We first used *caspo* to compute all global optimum solutions to the optimization over our case study. We found 16 Boolean logic models (Supplementary Fig. S1) with minimal score (0.36 s), all models having the same fitness to data (MSE = 0.0499) and size (28). Moreover, the same 16 logic models were found (0.5 s) using an extended PKN with feedback loops from Terfve *et al.* (2012). Cross validation analysis showed no significant difference in the optimum MSE with respect to the complete dataset (Supplementary Fig. S2).

The 16 different models arise owing to four pairs of submodels (modules) equivalent in terms of score. These modules represent alternative ways to activate specific nodes and are independent from each other. For each pair, only one of the modules appears in a given model; that is, they are *mutually exclusive*. Thus, selecting either member of each pair provides an optimal model and all possible combinations give rise to the 2^{4 }= 16 models. To elucidate the differences between the 16 models from their responses to all possible experimental conditions, we computed and compared their GTTs (Section 2.1). Interestingly, they all have the same GTT. That is, for any combination of input nodes (stimuli and inhibitors), the same values are predicted for all the readouts by the 16 models. Therefore, the optimization reports a single solution in terms of input–output behavior, despite the fact that this solution can take the form of any of the 16 models. To distinguish among these models (and thus determine which of the mutually exclusive modules are functional), we would require a different experimental setup, i.e. new species have to be either perturbed or measured.
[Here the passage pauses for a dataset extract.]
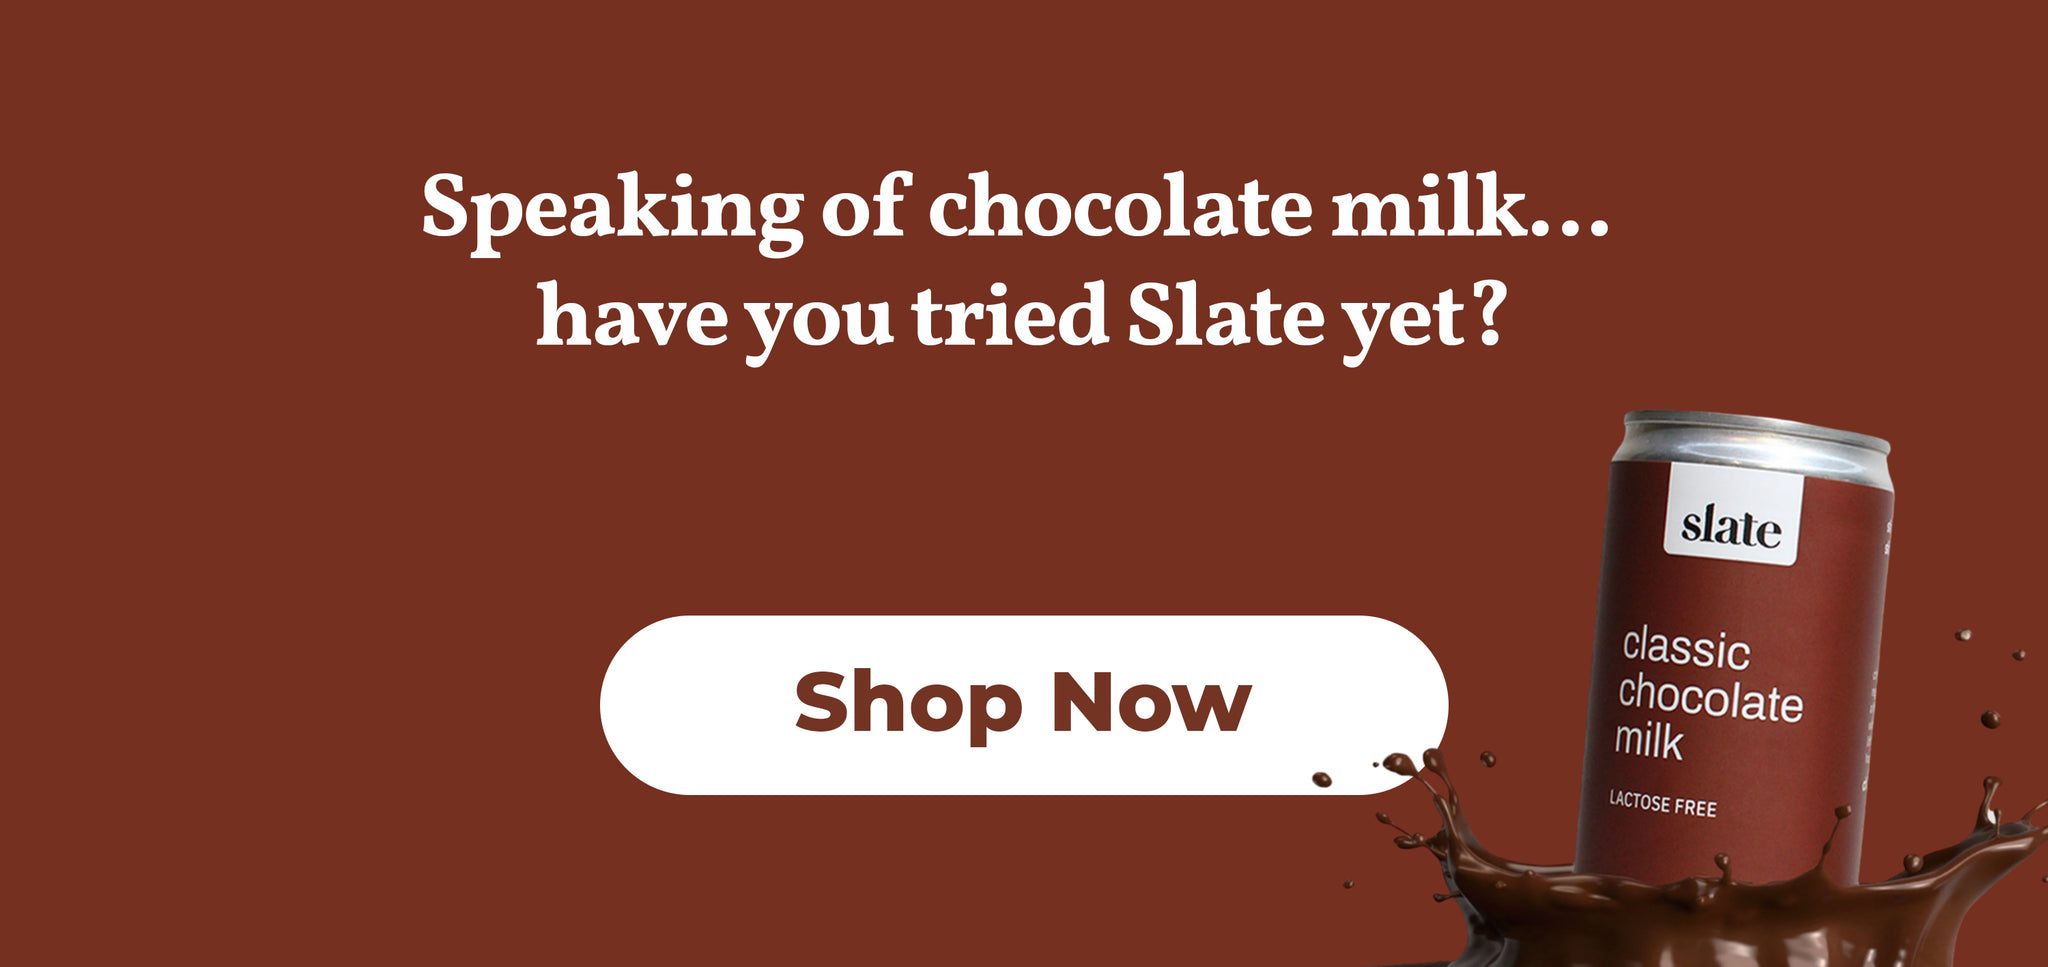 Do Adults Need A Different Kind of Chocolate Milk? Slate Thinks So -  Perishable News
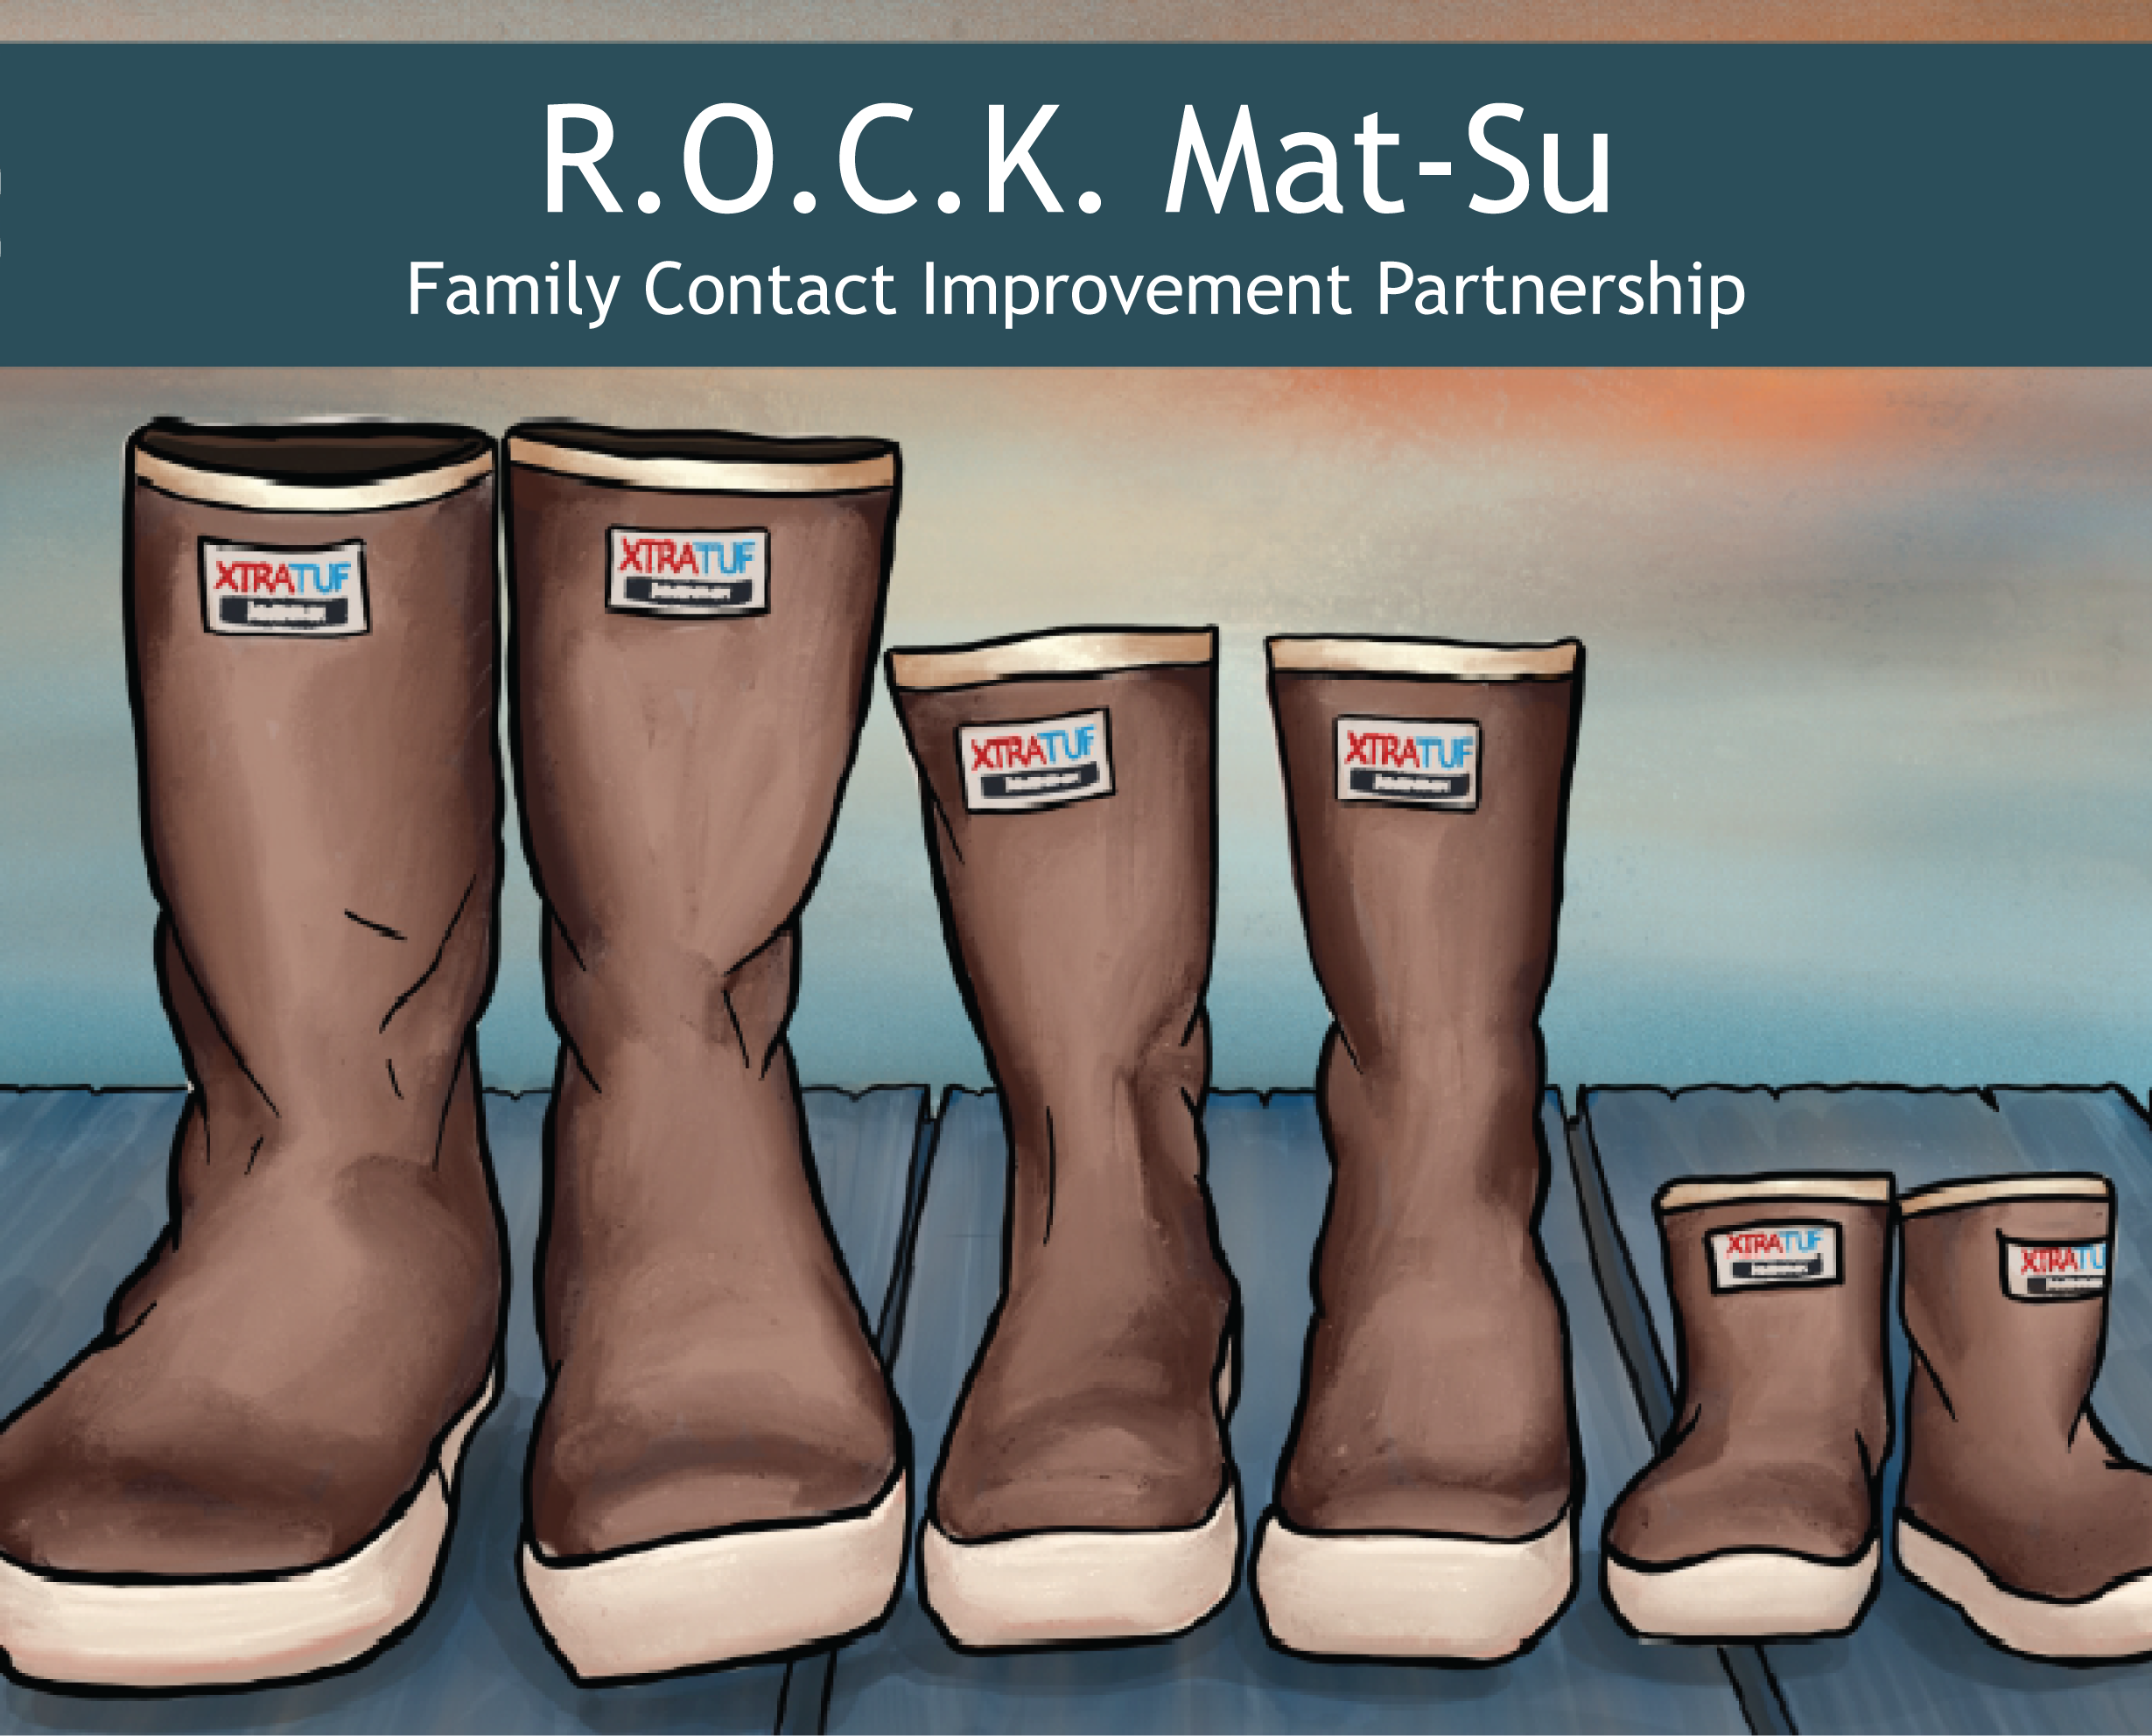 R.O.C.K. Mat-Su Family Contact Improvement Partnership three pairs of boots of descending size

### 3.2 Suboptimal Models: Enumeration and Structure

Experimental error is inherent in biochemical data. Therefore, one needs to consider models whose predictions deviate from those of the optimal one by an amount within the experimental error (Saez-Rodriguez *et al.*, 2009). Considering that the optimization minimize MSE and size, we defined as *sub**optimal models* those solutions having MSE within a 10% of tolerance with respect to the MSE of optimal models (a conservative approximation to the real experimental error), and maximal size of 28 (the size of the optimal models; Section 3.1). From these settings, *caspo* found 11 700 suboptimal models (Fig. 2) with sizes 28, 27, 26 and 25 whose MSE spanned from 0.0499 to 0.0546. We observed that the number of models decreases exponentially with the tolerance over the MSE (e.g. 8%—7378 models, 6%—6048 models, 2%—192 models). Allowing also a tolerance over the size would generate a much larger number of models by the addition of spurious links to those of size 28 (e.g. size 29–51 480 models, size 30–189 364 models). We therefore limited, for simplicity of this study, the size to 28.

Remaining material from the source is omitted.